Потерянные в прямом эфире (Евстигнеева) - страница 95

— И что ты слышал?

— Славка, он… ругался на тебя, на… Олесю. Говорил, что ты кретин, раз всё ещё не вычеркнул её из своей головы после всего, ею сотворённого.

Да, я прекрасно помнил наш диалог с Макаровым, случившийся за неделю до моего отъезда на этом самом месте.

В последние годы на меня временами находила бессонница. Мешать она особо не мешала, скорее даже наоборот, позволяла заняться бумажной работой, которой всегда было в достатке. Славка, прекрасно знавшей о моей привычке работать по ночам, тогда вернулся со своего очередного загула и, обнаружив полосу света под моей дверью, решил заглянуть на огонёк. Заглянул. Удачно для себя и неудачно для меня, как раз в тот самый момент, когда я пялился на экран ноутбука, на котором мелькало смазанное изображение Олеси (прямая трансляция из студии была так себе), ведущей свой ночной эфир для неспящих. 

— Ты — чокнутый сталкер, — объявил тогда Макаров, вмиг протрезвев. После расставания с Юлькой у него проклюнулась неумолимая тяга к «приключениям».

От досады я заскрежетал зубами, представляя, как мой интерес выглядит со стороны. Самое смешное, что всё действительно вышло случайно. О том, что Олеся работает на радио, я знал давно, иногда даже ловил нужную волну, с какой-то мазохистской настойчивостью вслушиваясь в её игривые интонации. Потом, правда, сам же себя ругал, бросая это гиблое дело на пару месяцев, пока во время очередной бессонницы во мне не возрождалось алогичное желание услышать знакомый голос из прошлого.
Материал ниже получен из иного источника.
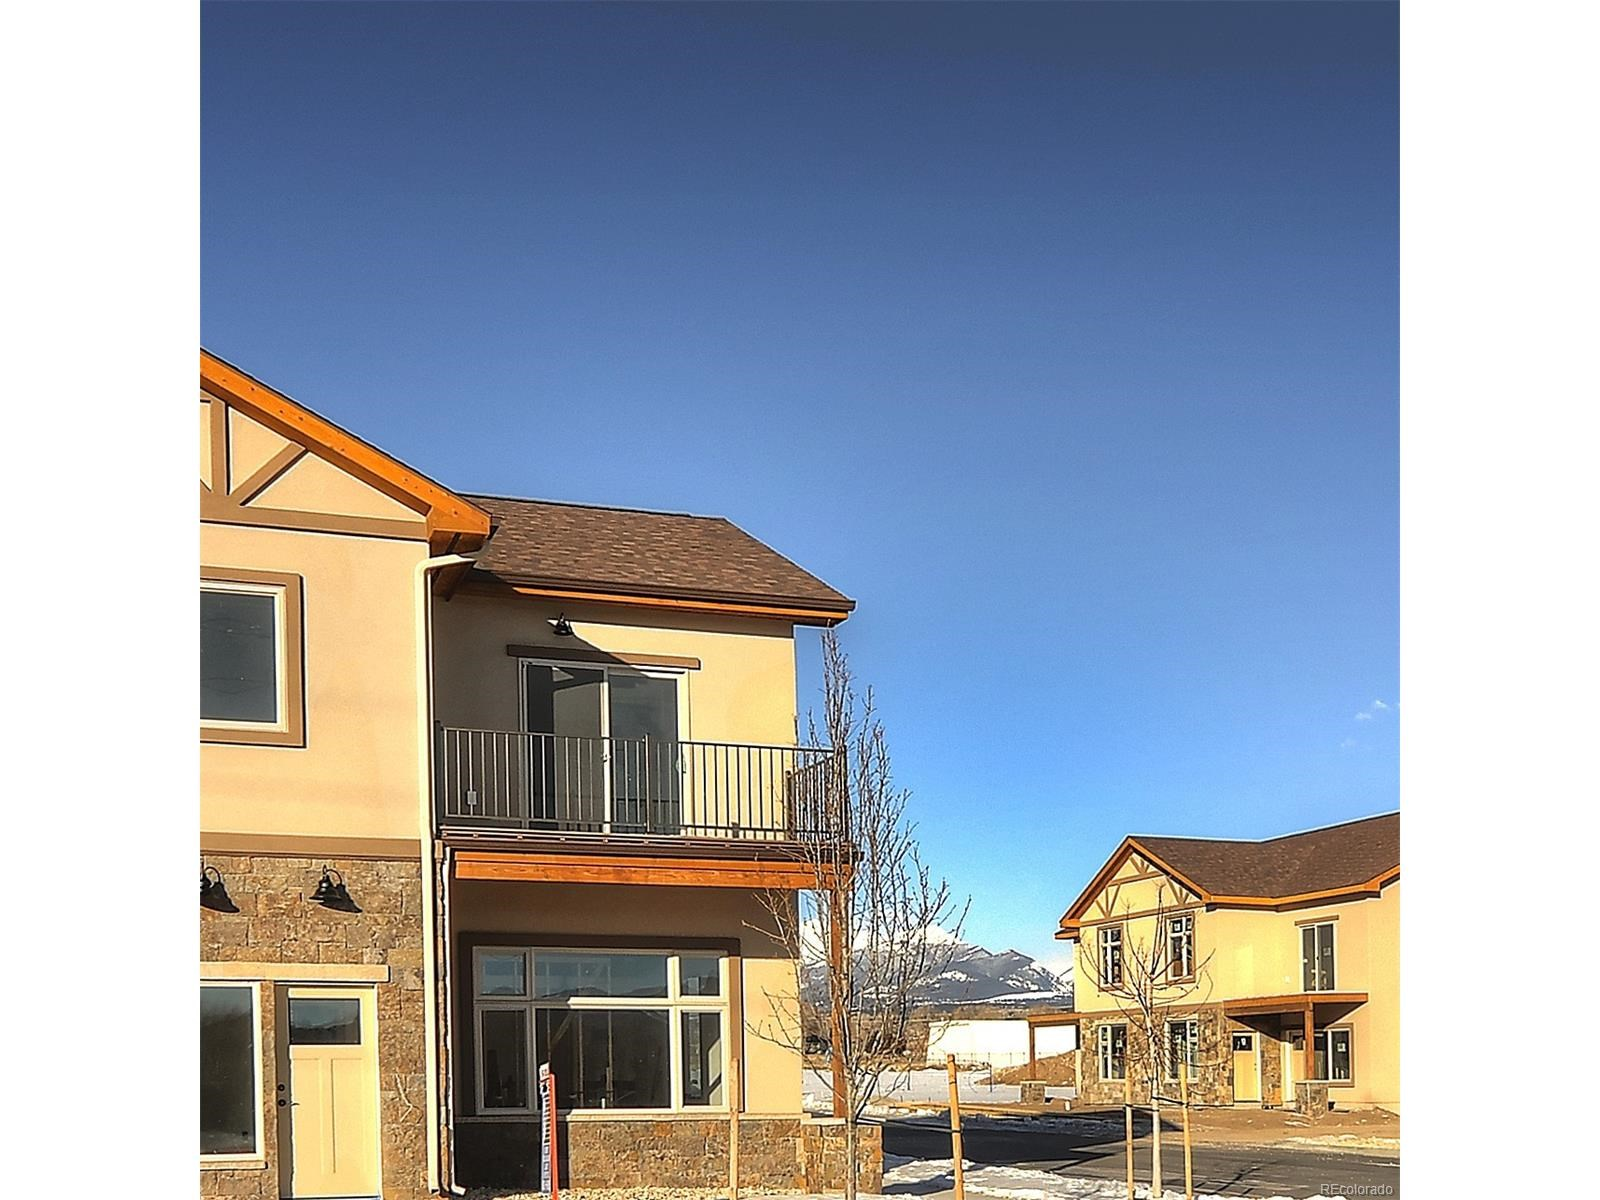 MLS# 2803726 - 1 - 219 Summitview Lane, Poncha Springs, CO 81242

Но вот онлайн-трансляцию открыл впервые. Опять-таки неясно зачем. Дурацкий порыв увидеть своими глазами то, какой она стала. В конце концов, она мне сына родила, а это к чему-то, да обязывало, даже если ей моё чувство долга тысячу лет не нужно было.

В общем, какие бы мотивы мной не двигали,  но оправдываться перед другом я не собирался.

— Да пошёл ты, — «по-взрослому» велел Славке, захлопнув крышку ноутбука, словно ставя точку в этой досадной истории.

Но Макарова это, конечно же, не остановило, скорее, даже наоборот, лишь больше раззадорило его стремление обличить степень моего идиотизма, раз я до сих пор не выкинул из головы эту проклятую вертихвостку (в его понимании — «законченную стерву»). Но он ошибался, Олеся никогда не была вертихвосткой. По крайней мере, я предпочитал думать именно так.

В тот вечер мы наговорили друг другу много всего, явно непредназначенного для детских ушей.

— Ты защищал её, — неожиданно подвёл итог нашего спора с Макаровым Арсений. — Дядя Слава говорил, что Олеся использовала тебя, а потом бросила.